*** Opening Data provided ***

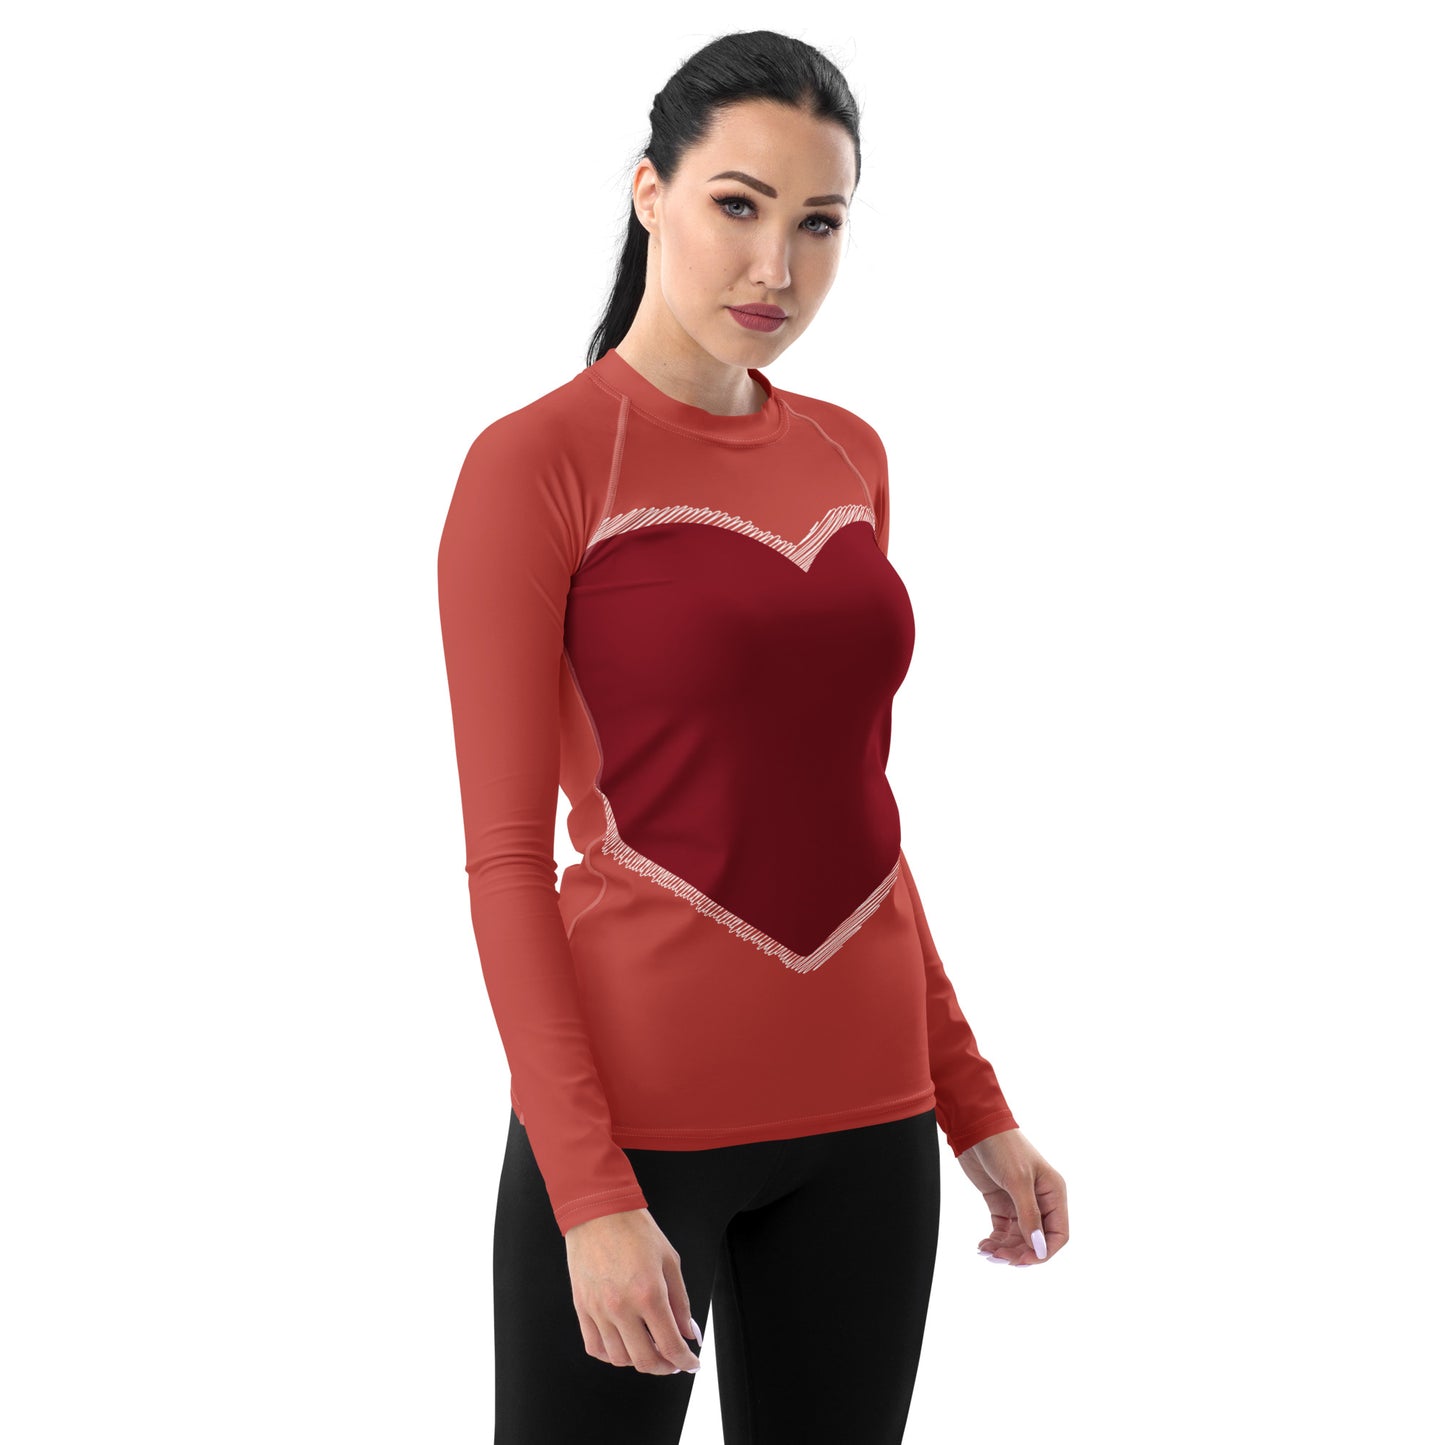 Heart - Inspired By Taylor Swift - Sustainably Made Women's Rash Guard
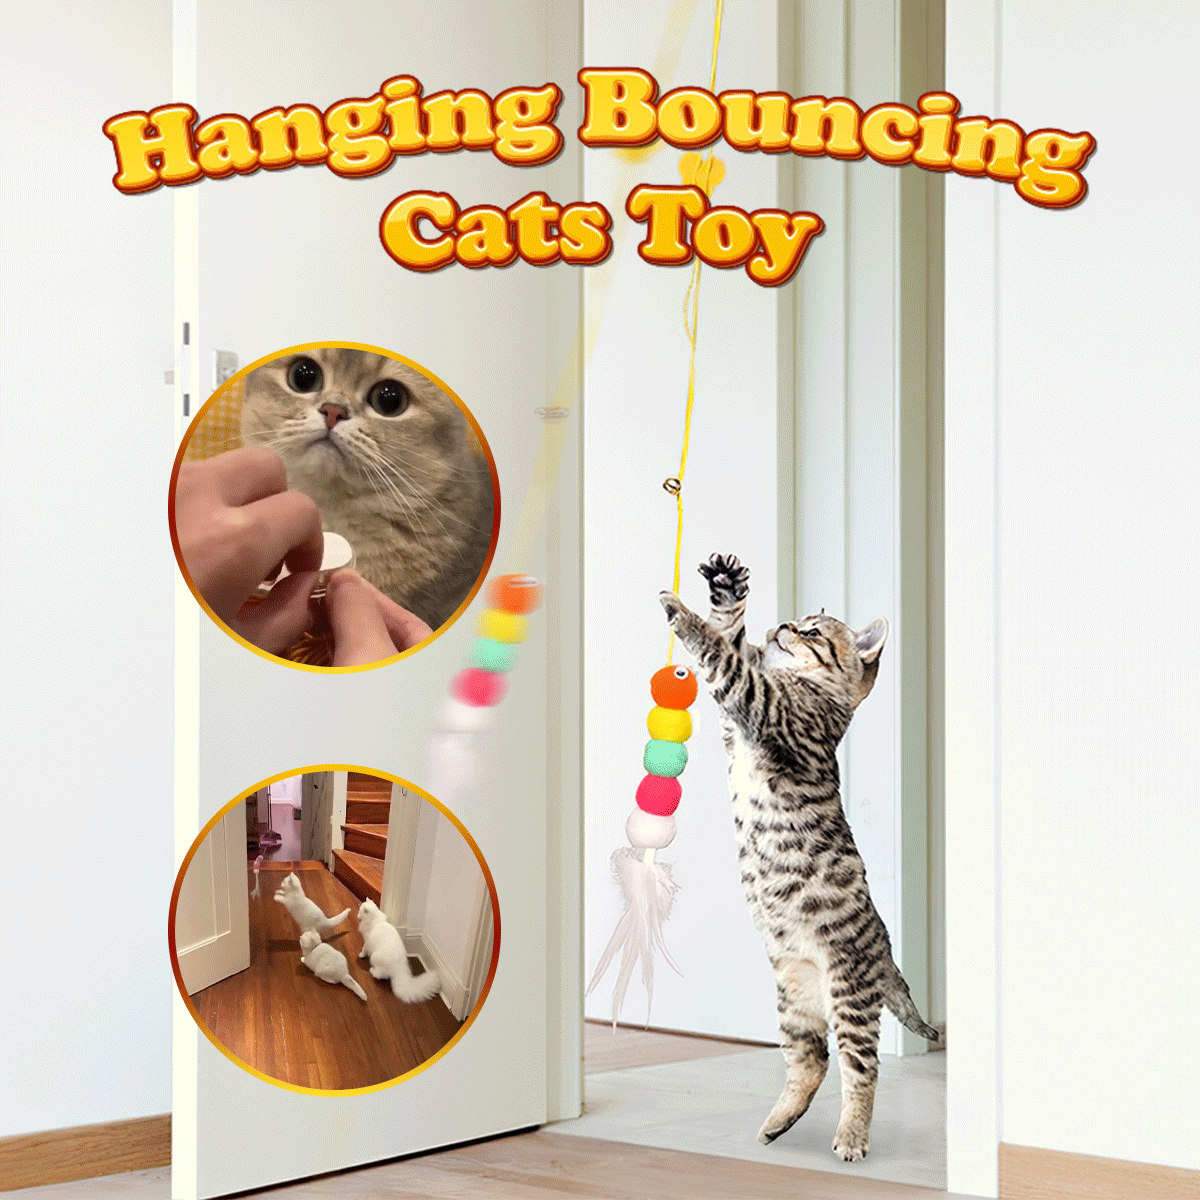 Hanging Bouncing Cats Toy | cat bouncing toy | Pets Jerry
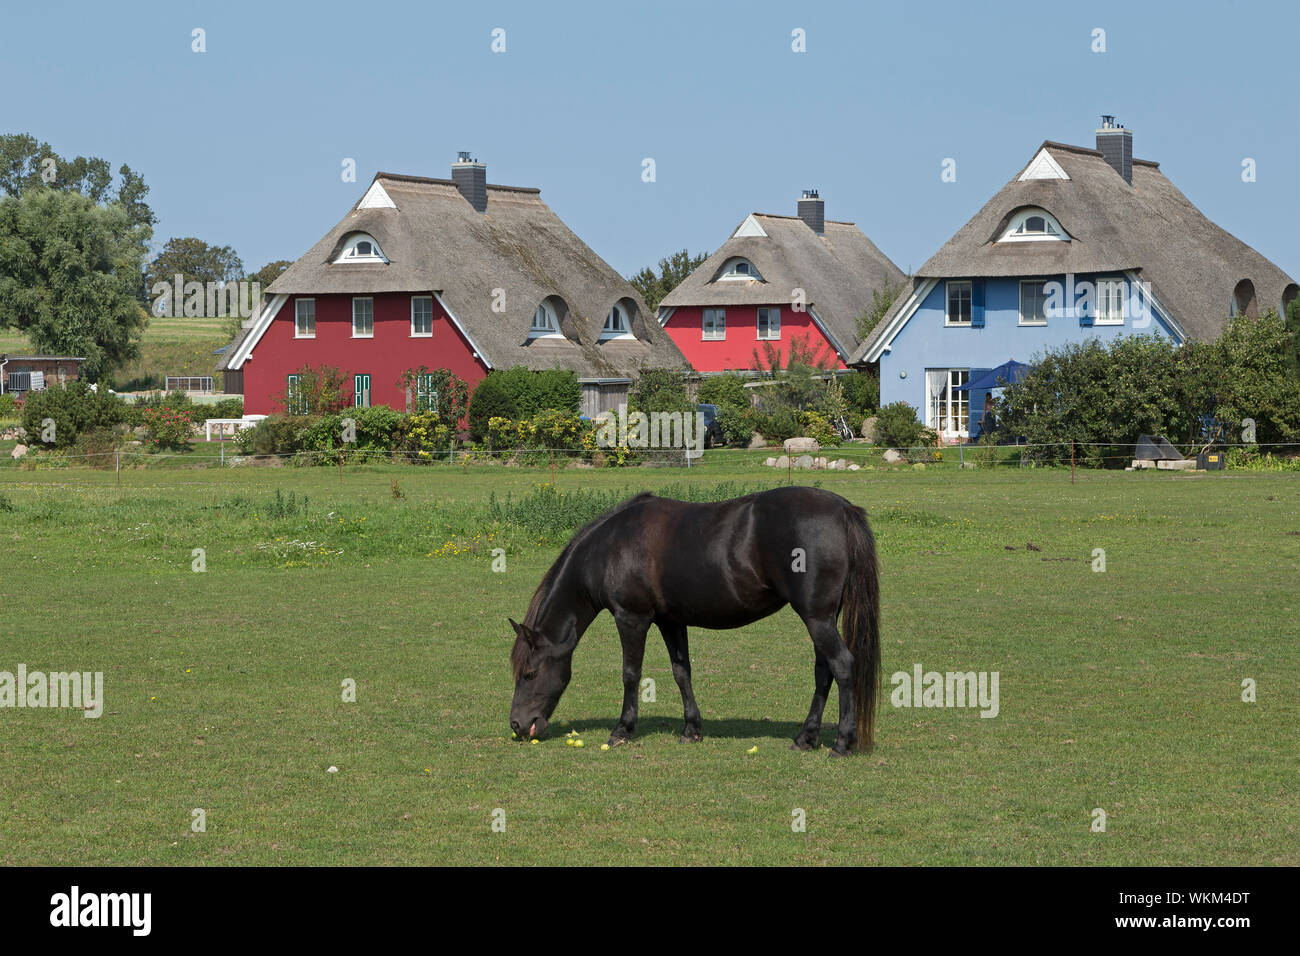 pony and thatched houses, Ahrenshoop, Mecklenburg-West Pomerania, Germany Stock Photo
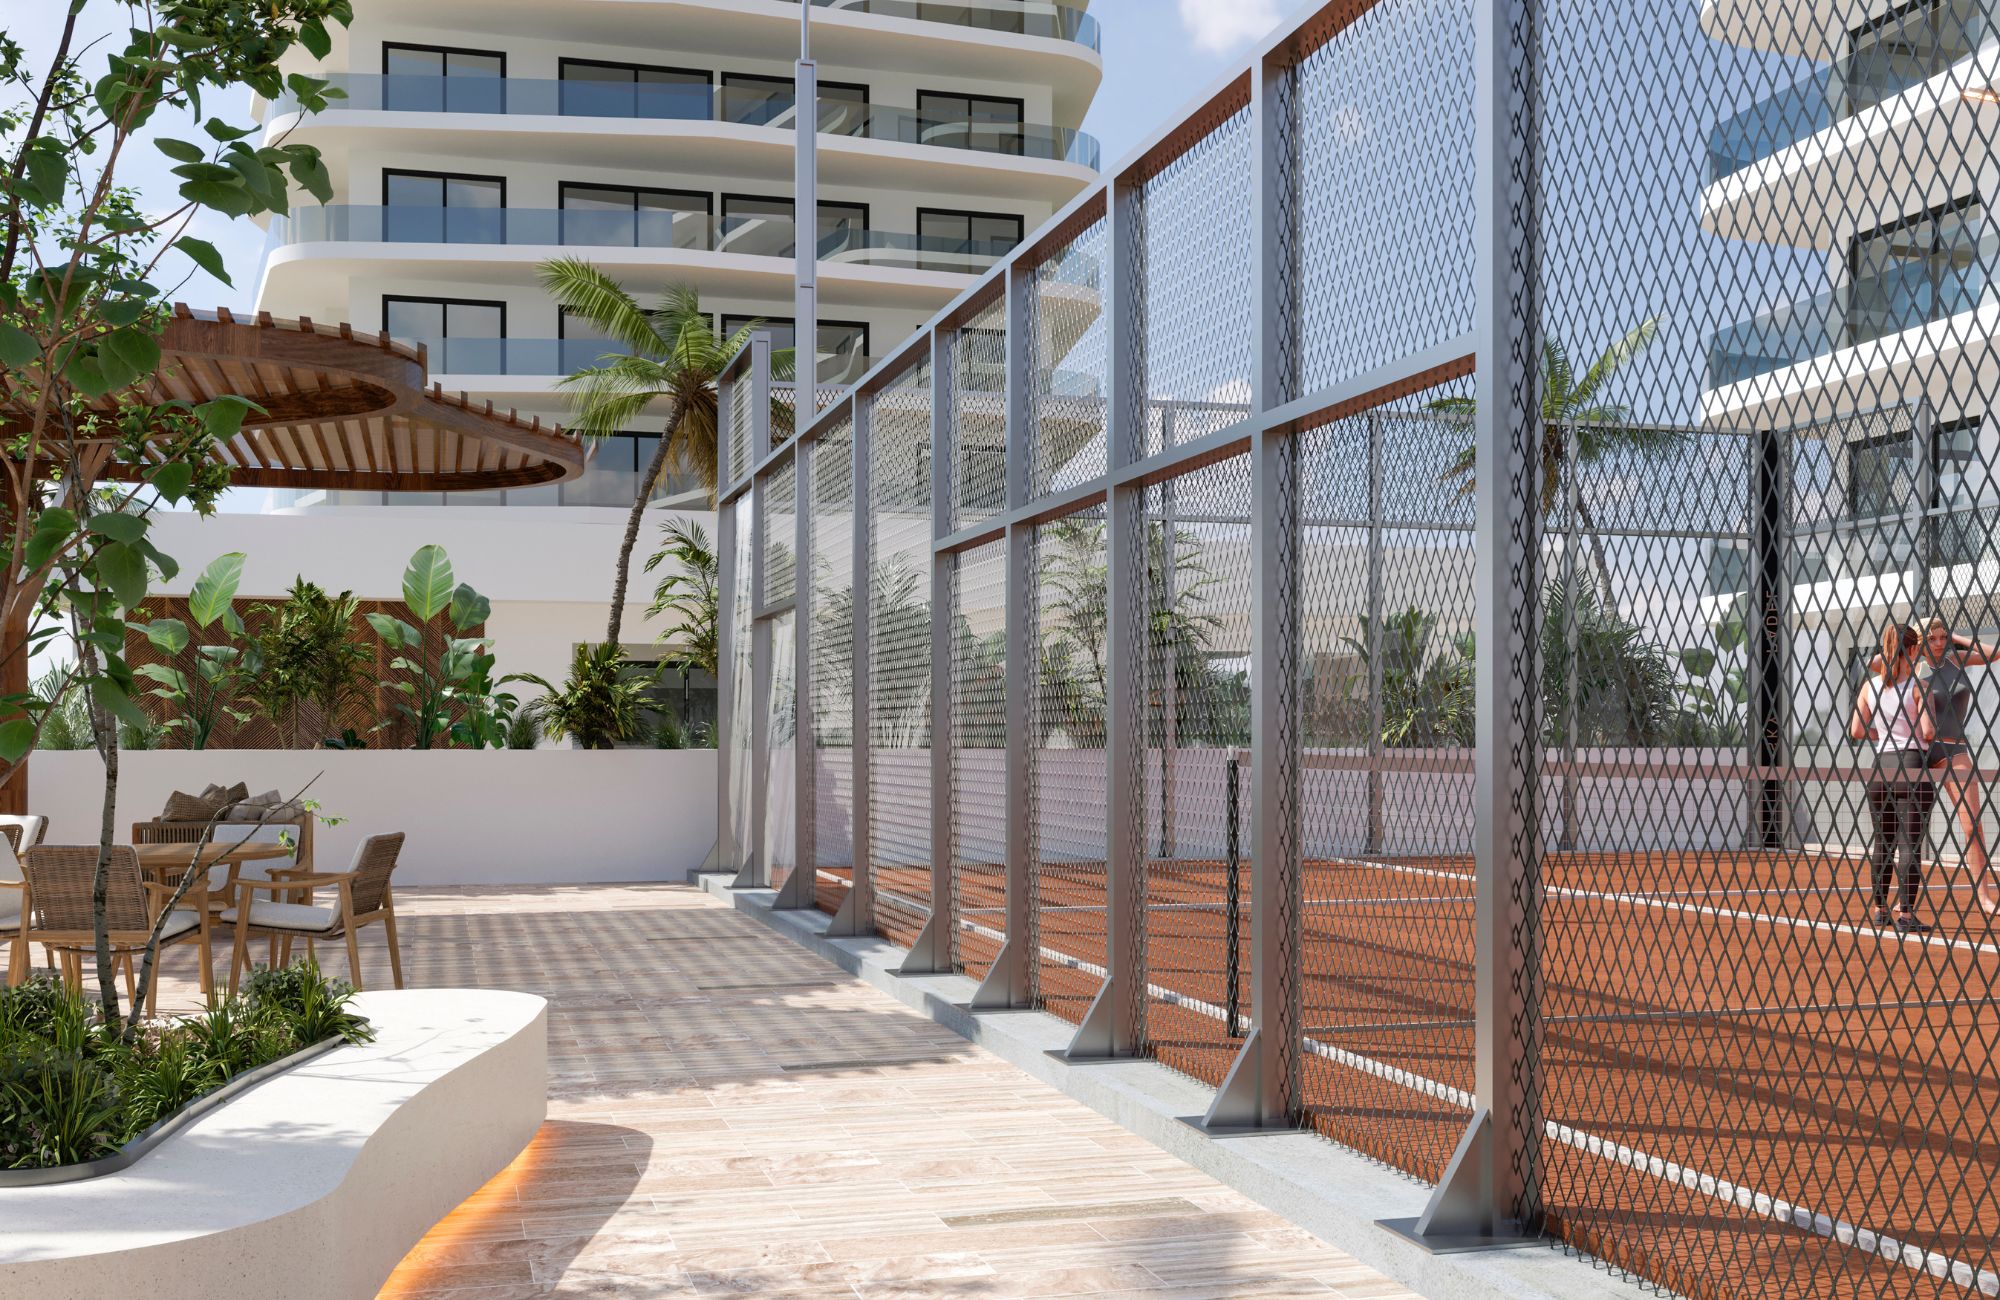 Condominium with children&amp;#39;s games, children&amp;#39;s party room, swimming pool, pre-construction, Colosio Boulevard for sale, Cancún.

*** Closing Data provided ***

▸ Instructions for the task: Exactly the lines from the one containing "pony and thatched" through the end of the data above: repeat those, both ends included, and nothing else. Skip the pictures.

▸ Response below:
 pony and thatched houses, Ahrenshoop, Mecklenburg-West Pomerania, Germany Stock Photo
 Condominium with children&amp;#39;s games, children&amp;#39;s party room, swimming pool, pre-construction, Colosio Boulevard for sale, Cancún.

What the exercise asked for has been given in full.